Да, красиво. Причём, есть ещё и свой сюжет, и своя логика в тексте. Мир оперы оказался более реалистичен, чем мир "железа и пара". Ожидал я финала больше в мире стимпанка. Или про техническую революцию в Запретном Царстве) Но, честно, до такого попадания в рамки условий, как у финалистов, не додумался бы. Так что, автору браво.
Оказалось, всё-же не всё настолько буквально, и текст не приключения про стимбоя, а больше про мистику. Автор, а может после конкурса у вас появится продолжение? И про странствующих духов, и про актёра-воришку? Ведь, вообщем-то, для героев история не завершилась. И в рамках "железного" мира для нас многое осталось за кадром. Есть светлые маги и темные маги, а есть адекватные.
Чем особенно приятен для меня, это тем, что ярко вижу картинку, эдакий эффект полного присутствия. Мягкий, плавный, такой - очень женский (или даже девичий) рассказ. Хорош.

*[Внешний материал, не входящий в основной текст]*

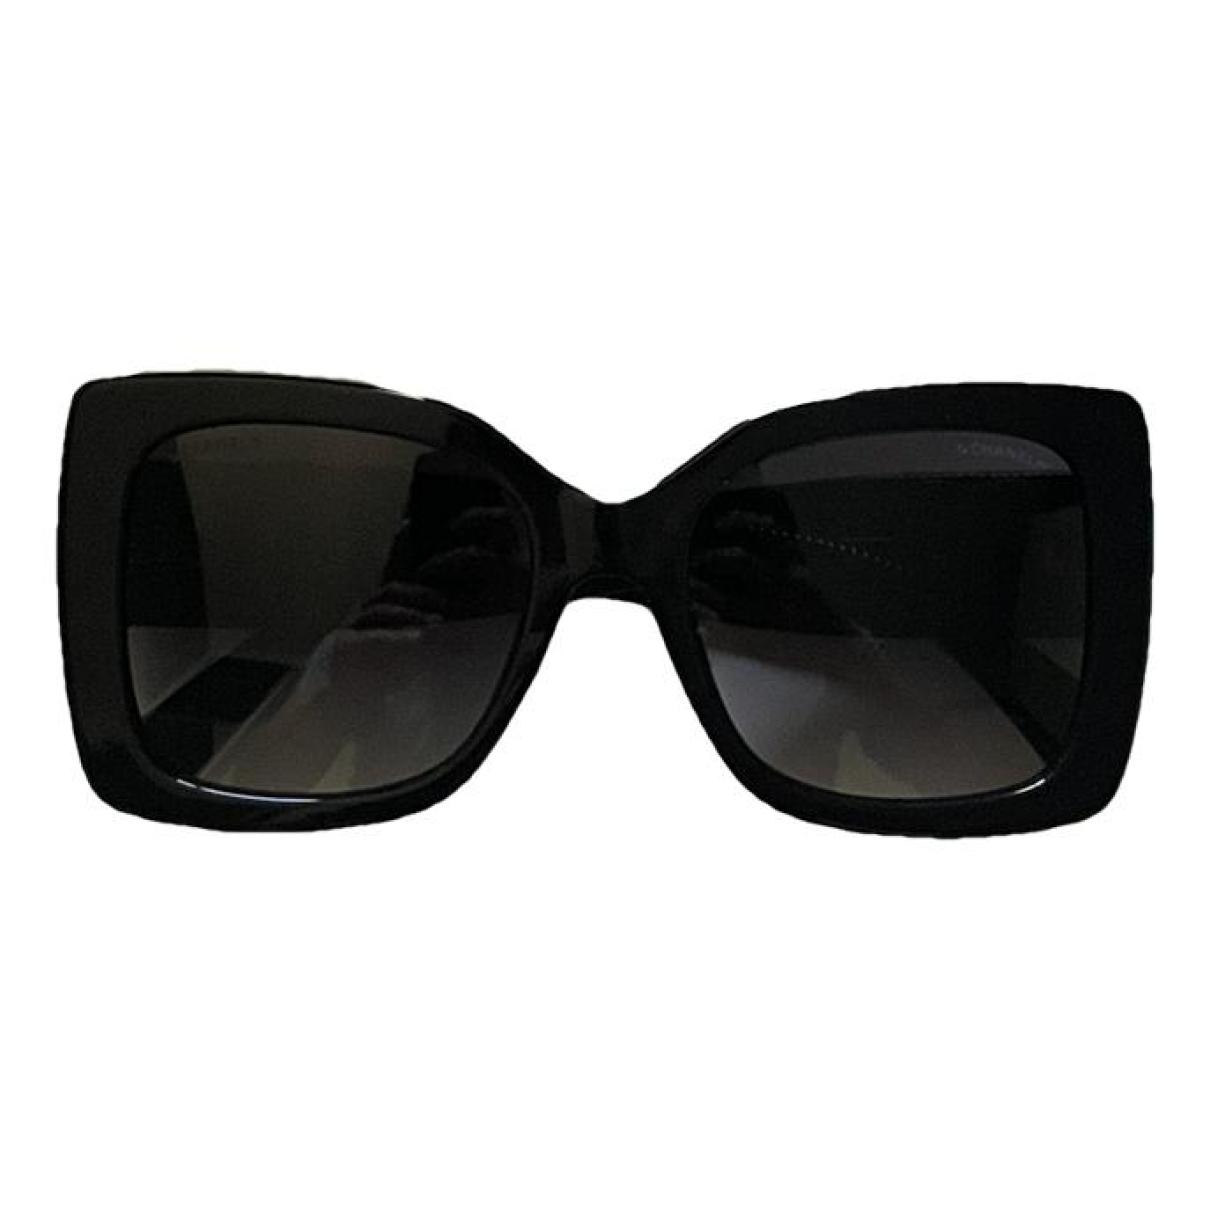 Sunglasses Chanel Black in Plastic - 36381753

Оказалось, всё-же не всё настолько буквально, и текст не приключения про стимбоя, а больше про мистику. Автор, а может после конкурса у вас появится продолжение? И про странствующих духов, и про актёра-воришку? Ведь, вообщем-то, для героев история не завершилась. И в рамках "железного" мира для нас многое осталось за кадром.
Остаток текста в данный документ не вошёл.